Proper NoSQL data schema for web photo gallery

2019-03-09 10:56发布

问题:

I'm looking to build an appropriate data structure for NoSQL storage of a photo gallery. In my web application, a photo can be part of 1 or more albums. I have experience with MySQL, but almost none with key-value storage.

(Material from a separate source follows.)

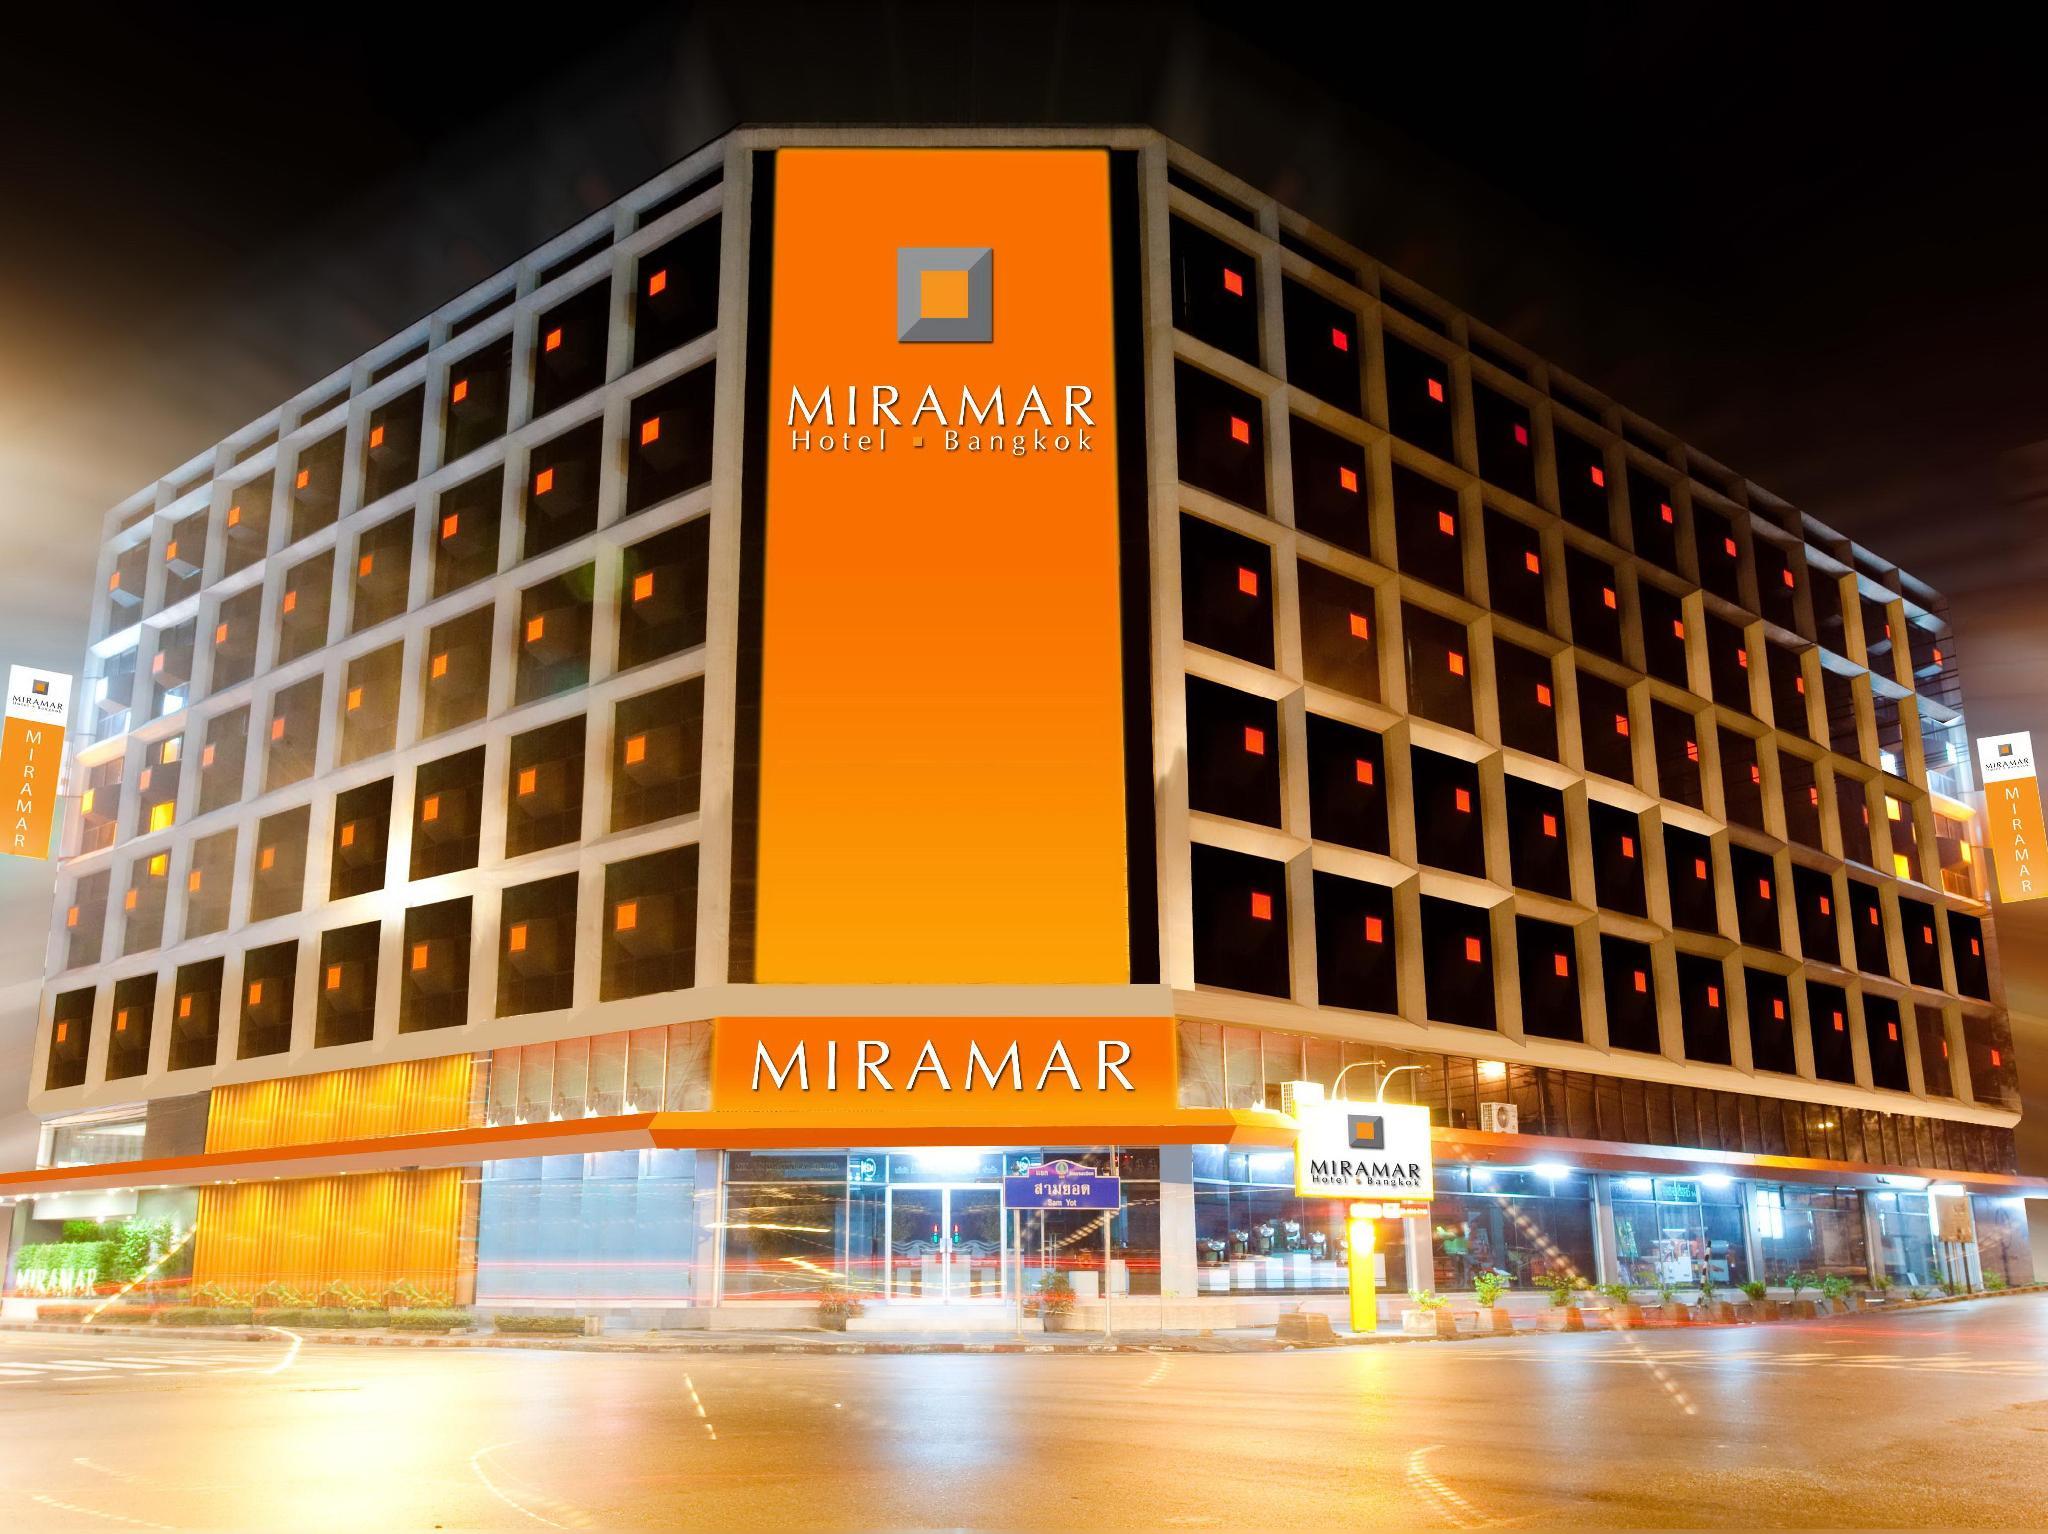 曼谷美丽华酒店 曼谷

With MySQL, I would have set up (3) tables as follows:

photos (photo_id, title, date_uploaded, filename)
albums (album_id, title, photo_id)
album_photo_map (photo_id, album_id)

And then, to retrieve a list of the 5 latest photos (with album data), a query like this:

SELECT *
FROM albums, photos, album_photo_map
WHERE albums.album_id = album_photo_map.album_id AND
                photos.photo_id = album_photo_map.photo_id
ORDER BY photos.date_uploaded DESC LIMIT 5;

How would I accomplish a similar query using a NoSQL key-value pair database? (Specifically, Amazon's DynamoDB.) What would the storage look like? How would the indexing work?

回答1:

Using mongodb lingo, your collections could look like this:

photos = [
    {
        _id: ObjectId(...),
        title: "...",
        date_uploaded: Date(...),
        albums: [
            ObjectId(...),
            ...
        ]
    },
    ...
]

albums = [
    {
        _id: ObjectId(...),
        title: "..."
    }
]

Finding the 5 newest photos would be done like this:

> var latest = db.photos.find({}).sort({date_uploaded:1}).limit(5);

There's no server-side joins in mongo, so you'd have to fetch all the latest albums like this:

> var latest_albums = latest.find({}, {albums: 1});

Of course, then you have to boil this down into a set.

It's actually easier if you just embed the album inside the photo documents, since they're small:

photos = [
    {
        _id: ObjectId(...),
        title: "...",
        date_uploaded: Date(...),
        albums: [
            {name: "family-vacation-2011", title: "My family vacation in 2010"},
            ...
        ]
    },
    ...
]

Then querying is the same, but you don't have to join. Finding all photos in an album looks like:

> db.photos.find({albums:{$elemMatch:{name: "family-vacation-2011"}}});


回答2:

Redis can handle this. For the RMDBS table you mentioned above:

SET photos:photo_id:title "some photos title words"
SET photos:photo_id:date_uploaded "some uploaded time (2011-02-09 HH:MM:SS for example)"
SET photos:photo_id:filename "some filename words"

SET albums:album_id:title "some album title words"

SADD album_photo_map:photo_id album_id

Use a List(Redis suports list) to store last uploaded photos and update the list when a new photo is uploaded:

ret = r.lpush("upload:last_upload_times", photo_id) // update list
ret = r.ltrim("upload:last_upload_times", 0, N-1) // control list length

then, if we want to get the last uploaded N photos with album data:

last_uploaded_photo_list = r.lrange("upload:last_upload_times", 0, N-1) last_uploaded_photo_with_album_list = [(photo_id, album_id) for photo_id in last_uploaded_photo_list for album_id in r.smembers(photo_id)]



回答3:

Using DynamoDB, the "schema" for the photos table could be:

Album_Photo

  • Album ID(String, Primary key)
  • Photo ID(Number, Range key)
  • ... Others fields

Now, where i wrote Other Fields you could save all Photo data and save another request for the proper data table, but this would create redundant data if photo exists in many albuns.

You could save all photo data in this table for the "main" album, and in the others albuns use an column to specify is the main album ID. As NoSQL databas dont need an strict schema, no column is necessary in an table.

If photoID has somehow an auto-increment behaviour you can easily get the last X pictures of an album. if not, you could use the Date as Range Key, and photo ID as an column. Is also an good idea use your range key reversed, to query the last row easily.